Ну, Морозова в Ленинграде, конечно, известна. Журналистка, литературный критик. Два года назад, когда осудили Синявского и Даниэля за то, что в Европе издали их книги, которые у нас не изданы и никто не читал, – она, Морозова, распространила протестующее письмо. Нельзя, дескать, сажать в тюрьму писателей, даже если они критикуют какие-то действия власти. Ох и обрушились на Морозову газеты, не только у нас в Питере, но и в Москве. Ее обвинили в идеологической незрелости. В забвении основополагающих принципов марксизма-ленинизма, ну и все такое. Исключили Морозову из союза журналистов, еще откуда-то.

– Железная женщина, – говорил Савкин. – Не терпит вранья. Не любит этих – писак, конформистов… Да ведь и ты в газеты пишешь. Может, и ты конформист?

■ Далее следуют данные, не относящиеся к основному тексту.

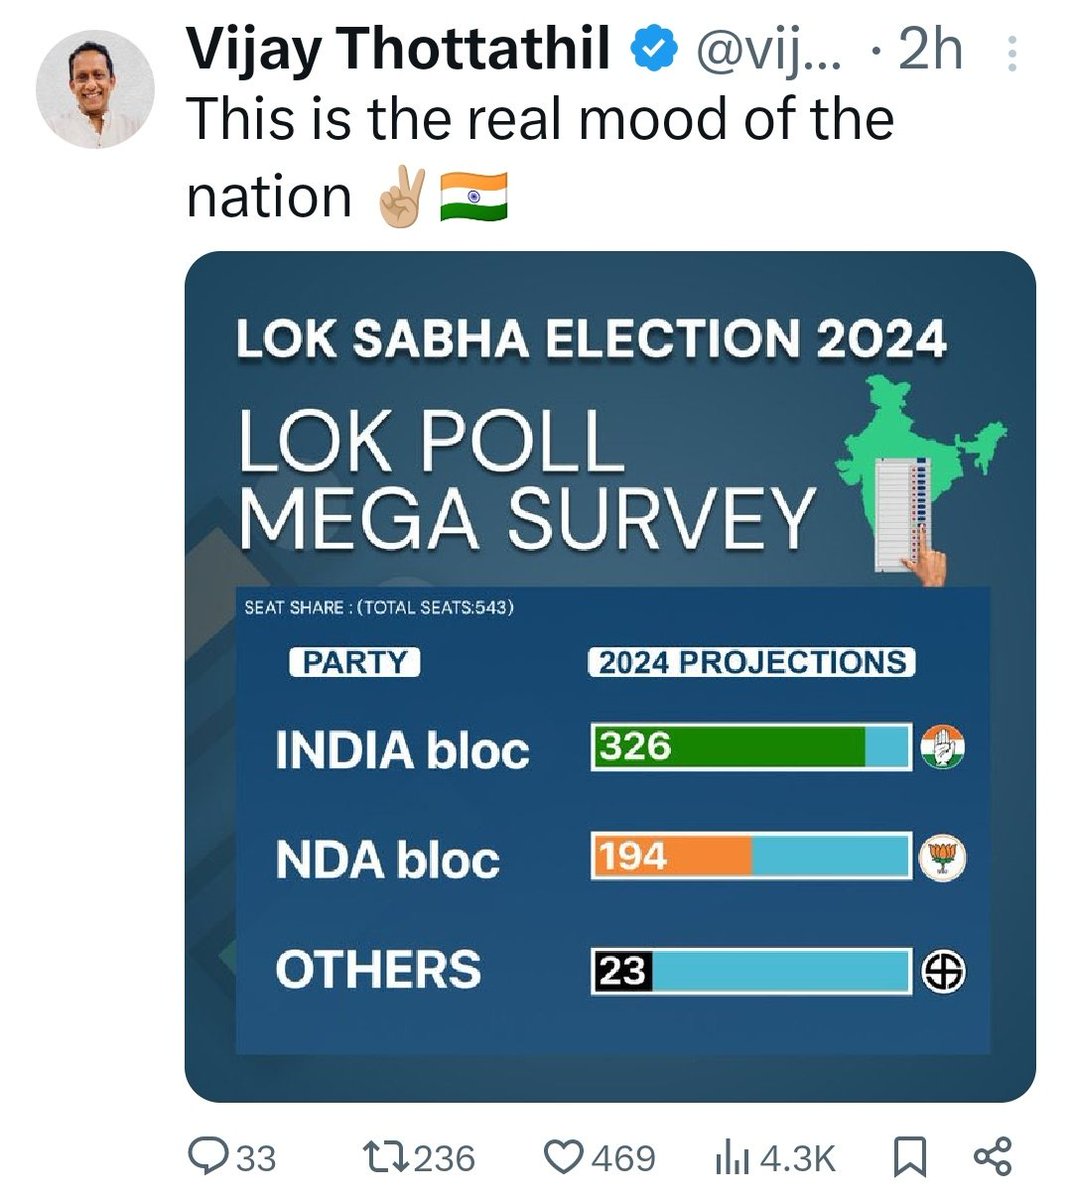 Friends, Beware of such false posts by @INCIndia handles.... They post it, let it spread and then silently delete and run away.... The only way to let them taste the reality is, to go out in large numbers and cast our votes and let #BJP led #NDA win with thumping majority!!…

– Нет. Даже не очень знаю, что это такое. Пишу о том, как морская пехота дралась под Питером. И на Свири, за Ладогой. И, конечно, о подводниках…

– А-а, Свирь! Ты напиши о нашем рейде по финским тылам. И как меня полумертвого в лесу забыли.

 

– Тебя не забыли. Но была такая обстановка…

– Такая обстановка, что кто не сдох в финском плену, их запихали в родной советский лагерь, – давай рубай уголек. Вот напиши про эту сталинскую заботу.

– Написать, конечно, можно…

– И нужно! – выкрикнул Владлен. И состроил пренеприятную гримасу: – Но нельзя!

Что тут скажешь? Мы не чехословаки, цензуру не отменили. Ни одна газета, если не хочет, чтобы ее с треском закрыли, не напечатает статью о том, как у нас мучили солдат, выживших в немецком (да и в финском) плену.

«Сталинская забота»! Конечно, после Двадцатого съезда отношение к Сталину изменилось. Он объявлен нарушителем ленинских норм, социалистической законности. Н-да, законность, какая она ни была, сильно при товарище Сталине пострадала – от произвола власти. Однако считается, что ошибки сталинского руководства преодолены, и поэтому… а что поэтому? А вот – заткнули рты писателям, прикрикнули: хватит оплевывать прошлое… вперед, в светлое будущее! Хрущев, конечно, наделал ошибок, но ведь его сняли по-хорошему, то есть не судили, и его намерение через двадцать лет попить чайку при коммунизме не отменено…

– Да, нельзя, – отвечаю я Савкину несколько раздраженно. – Я не лезу на рожон. И тебе не советую.

– Спасибо за совет! Сенька бери мяч.

– Что?

– Это по-английски большое спасибо.

– А-а…

– А-а, – передразнил Владлен. – Надо вежливо ответить: «Денег меньше нет».

– Это «Don’t mention it»? – Я засмеялся.

– Наконец-то понял. Ну, давай еще. – Он плеснул водку в наши рюмки. – Как-никак мы с тобой однополчане. Вместе Россию защищали от фашизма. Ну, будь!

Маша сидела между дочкой и травниковским помощником, загорелым геркулесом. Тосты шли один за другим – обещали хранить светлую память о капитане Валентине Ефимовиче, а ей, Маше, наговорили много теплых слов, – и она выпила, порозовела, отогрелась после кладбищенской оторопи. Когда я подошел к ней проститься, она подняла на меня взгляд, – и я увидел: золотое пятнышко было на своем месте в правом глазу.

– Ты уезжаешь, Вадя? Спасибо за память… за всё… Валя часто о тебе вспоминал.

– Я тоже – думал о его поразительной судьбе.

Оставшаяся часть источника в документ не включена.